Achtung: Du darfst in der Funktion nicht auf Elemente zugreifen, die noch nicht definiert sind (siehe oben)!


----------



## TobiNeu (18. Mai 2010)

Ok danke.

Ich denke so komm ich leider nicht zum Ziel, da ich auf Tags zugreifen muss.
Um bisschen Licht ins dunkle zu bringen es handelt sich hier um ne Baumstruktur die sich rekursiv aufbaut.
D.h. ich erstelle für jeden Knoten immer ein div tag mit dem seinem key als id
und lade in diesen div tag dann die nächste Ebene mit den dazugehörigen Knoten, usw.

Funktioniert auch alles mit onclick aber nun solls halt auch ohne Klicks geöffnet werden.
Aus diesem Grund muss ich auf die Tags zugreifen können.

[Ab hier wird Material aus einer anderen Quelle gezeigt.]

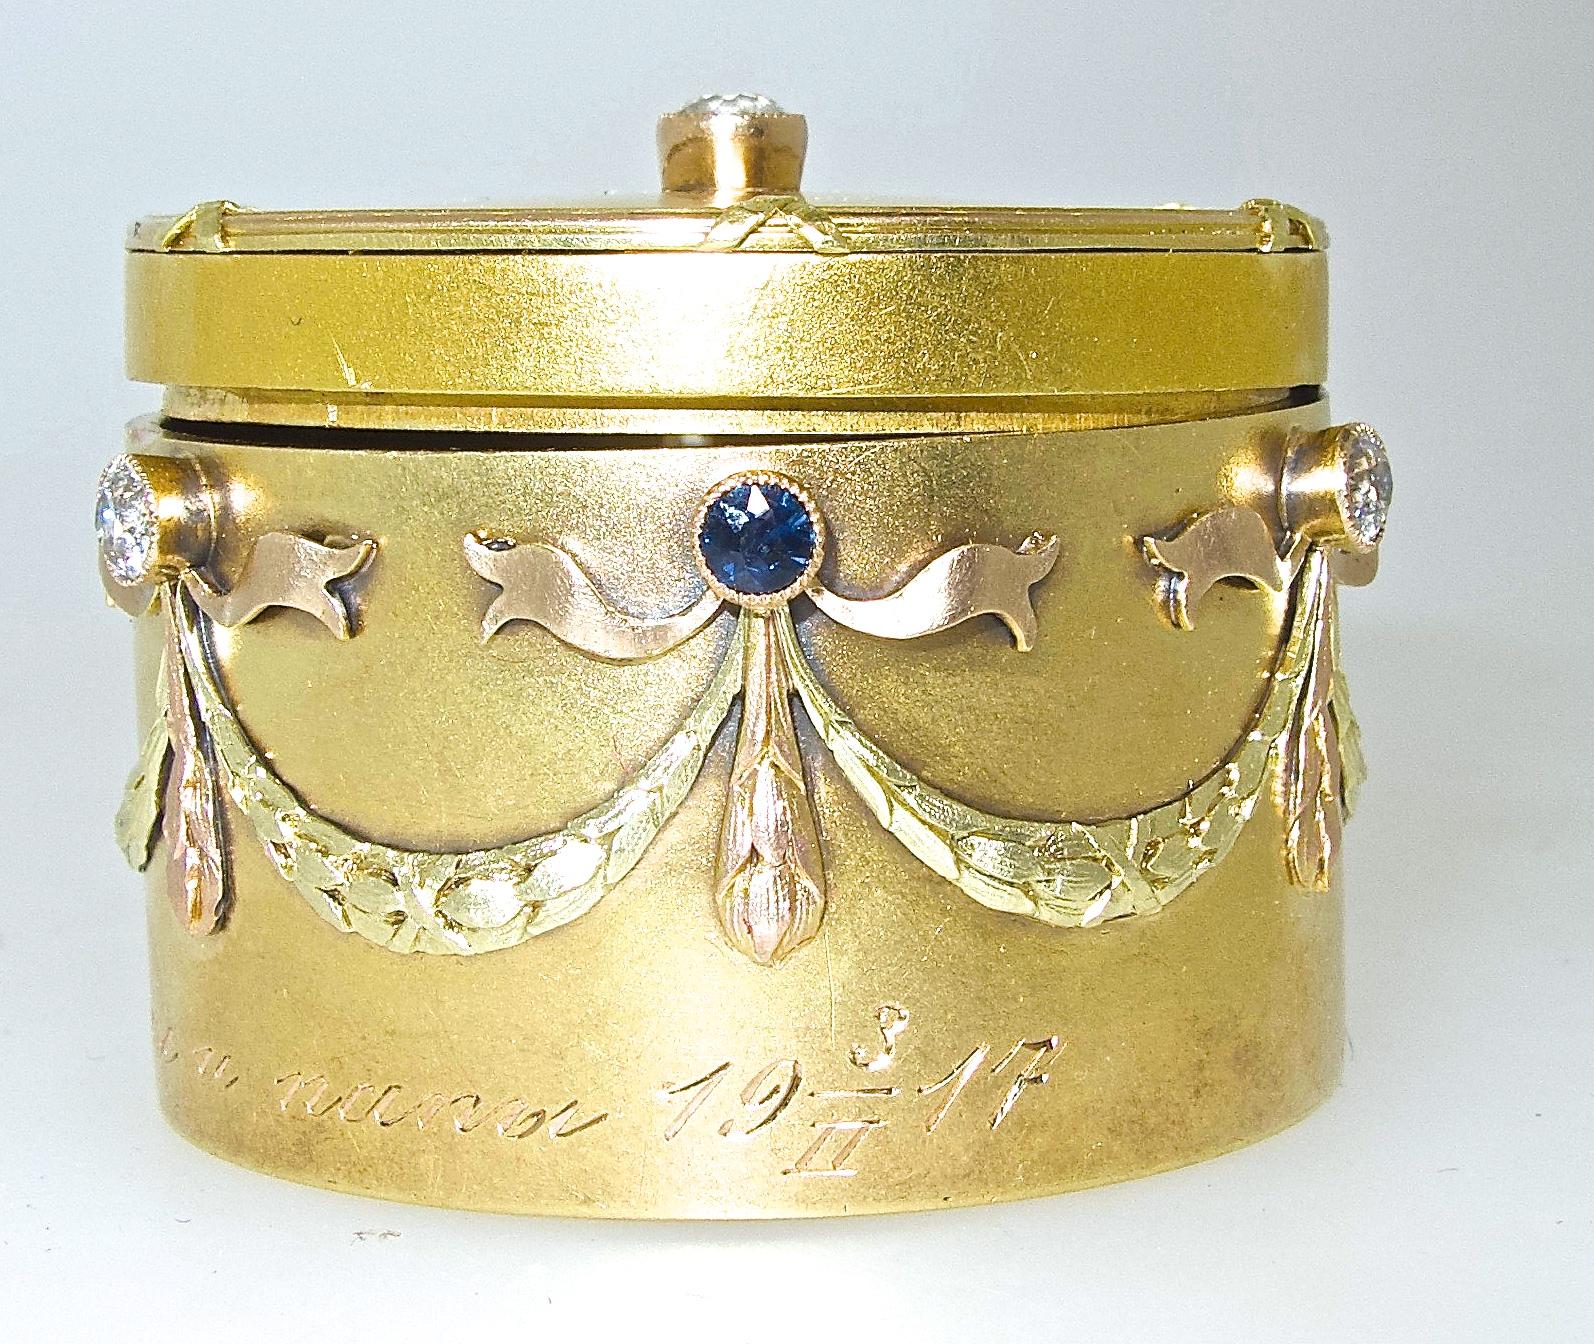 Russian tried color gold, with a satin like finish, small box inscribed Merry Christmas from Mom and dad 1917, with old cut diamonds, estimate ti weigh .85 cts., and 3 round natural blue sapphires.  Numbered and with Russian hallmarks and the gold

Ich denke der richtige Weg geht schon in die Richtung eventHandler.
Freu mich über jede weitere Vorschläge
Danke

Bin nun erstmal 3Stunden im Sport und dann schau ich wieder rein


----------



## ComFreek (18. Mai 2010)

Was hast du denn eigentlich gegen onLoad im Body?
Es wäre vllt. hilfreich, wenn du den Code mit onClick postest..


----------



## TobiNeu (18. Mai 2010)

Ich kann die Funktion nicht im body aufrufen, da die Klasse(Datei , ka wie man das bei javascript nennt) zum einen für das manuelle öffnen des baumes verantwortlich ist und zum anderen für das automatische öffnen eines pfades.

Wie gesagt die onload funktion soll wirklich nur dann aufgerufen werden wenn die if bedienung vorher erfüllt wird .

Den Code kann ich leider nicht veröffentlichen.


----------



## timestamp (18. Mai 2010)

Und so?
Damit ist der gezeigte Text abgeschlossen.